- The FDA recently announced approval for a drug combination that helps treat a specific form of prostate cancer.
- Experts say that the increased use of specific treatments related to a person’s genetics is an important development.
- The drug combo helped reduce risk of death or disease progression by 34%
The US Food and Drug Administration (FDA) announced in May that
That diagnosis of BRCA-mutated metastatic castration-resistant prostate cancer, is one where the tumor or tumors are growing even after a patient’s testosterone levels have been drastically reduced. It is impacted by a genetic mutation that changes its growth.
Castration, in this context, means reducing a patient’s level of testosterone via methods like surgery or medication, known as androgen deprivation therapy (ADT).
Merck collaborated with AstraZeneca on the project.
A study from Merck published in 2022 found that the drug combo reduced risk of death or disease progression of 34% and an average progression free survival period of more than two years.
In addition to olaparib, the two other medications to be used in this particular approved combination are prednisone and abiraterone.
They are already known to be beneficial in treating prostate cancer.
Dr. David Shusterman of New York Urology says that this approval is proof that the slow going nature of cancer research is continuing to provide specific treatments based on genetic testing.

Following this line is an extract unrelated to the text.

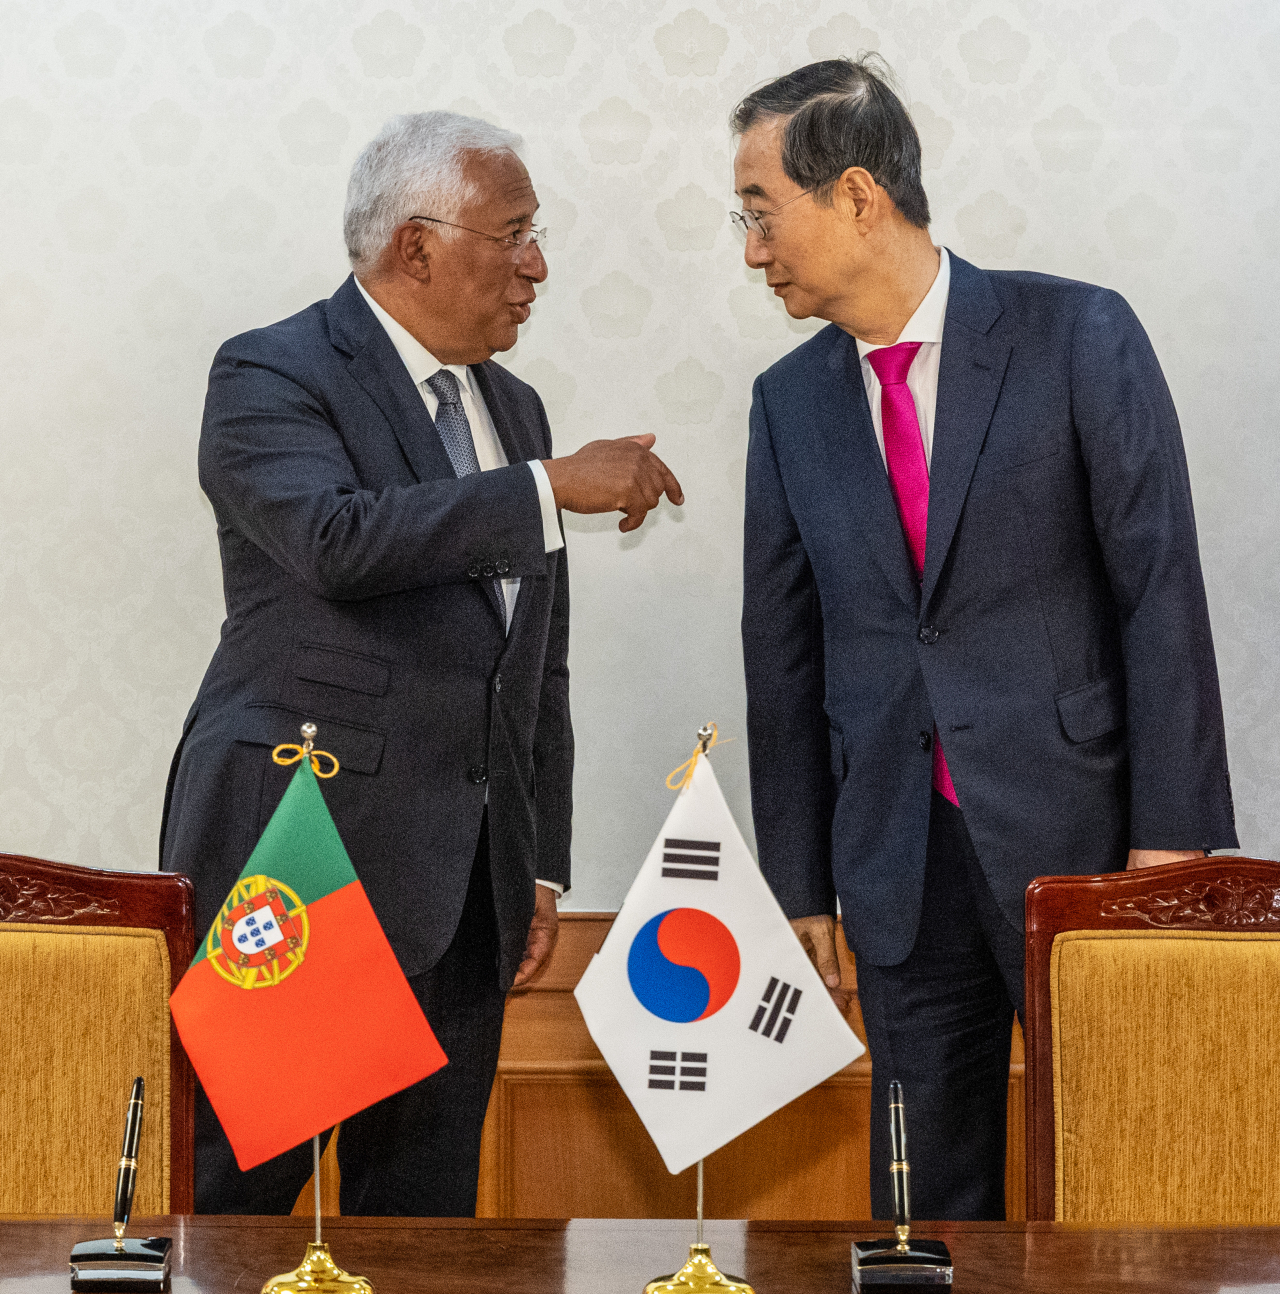 Portugal's Prime Minister Antonio Costa (left) and South Korea's Prime Minister Han Duck-soo are seen exchanging words during talks held at the Government Complex Seoul on Wednesday. (Yonhap)

“The genetics research is now starting to bear fruit. And it takes a long time to bear fruit because this medicine was first developed many years ago and just took a long time to go through the testing process…that really foreshadows additional treatments based on genetic mutations that may have yet to be identified, and may be identified soon.”
Alexandre Chan, PharmD, MPH, professor of clinical pharmacy at the School of Pharmacy & Pharmaceutical Sciences at University of California, Irvine is similarly excited about the prospect of this combination of medications being better understood and implemented.
“I think that’s good news for patients, in the sense that there are additional therapies that we can use at first line and [they] have demonstrated that if you have the proper mutations, you get much better progression free and also overall survival.”
Recent research has highlighted that the average prognosis for someone who is undergoing treatment with this particular diagnosis is around three years.
Shusterman says that it’s important to understand that treatments like the one offered by this FDA approval are more focused on quality of life and disease progression than they are about curing the condition.
“The problem is that once we deprive people of that androgen, prostate cancer, in almost all scenarios after about two years, develops a loop that can overcome the low T [testosterone].”
According to Shusterman, the goal in these sorts of scenarios is to prolong a person’s life so that it isn’t the cancer that ultimately leads to their death.
“What we’re looking for with this new medicine is to extend people’s life with additional treatments based on the genetics of cancer cells. It’s a very cool field, where we’re using genetics of cancer to improve patients’ quantity of life with medication.”
In the study that triggered the FDA’s latest approval, patients did still have to manage side effects with 48% of participants reporting having anemia. Other common side effects included diarrhea, fatigue, and nausea.
Still, Chan says that the relative tolerability of this combination of drugs is a good sign for both patients and practitioners looking to see if it could be a good treatment option.
“Certainly this side effect profile is better than chemotherapy. Because if we’re giving chemotherapy to these patients of course it’s likely they’ll get even more toxicities and more side effects.”
With approvals like this one from the FDA, the natural question is: what next? How can treatments and research focused on genetic mutations continue to develop?
For Shusterman, ongoing cancer research that looks specifically at genetic mutations is important because it allows for treatments that are more specific to the patient.
“Ideally, we’ll be able to identify cancer cells and their genetics quicker and target the therapy much quicker, Hopefully, with a lot less set effects than what we have currently available.”
In Chan’s case, both as a practitioner and an educator, his hope is that research looking into genetics and their connections to treatment can allow for earlier interventions, especially if patients with a BRCA mutation are identified sooner.
“I think what they’re doing right now is completely understandable, and it makes sense, and is great for those patients because it’s a huge unmet need at this point in time. But I would be very curious, how that would actually help us, along the way, for earlier patients who have earlier diseases.”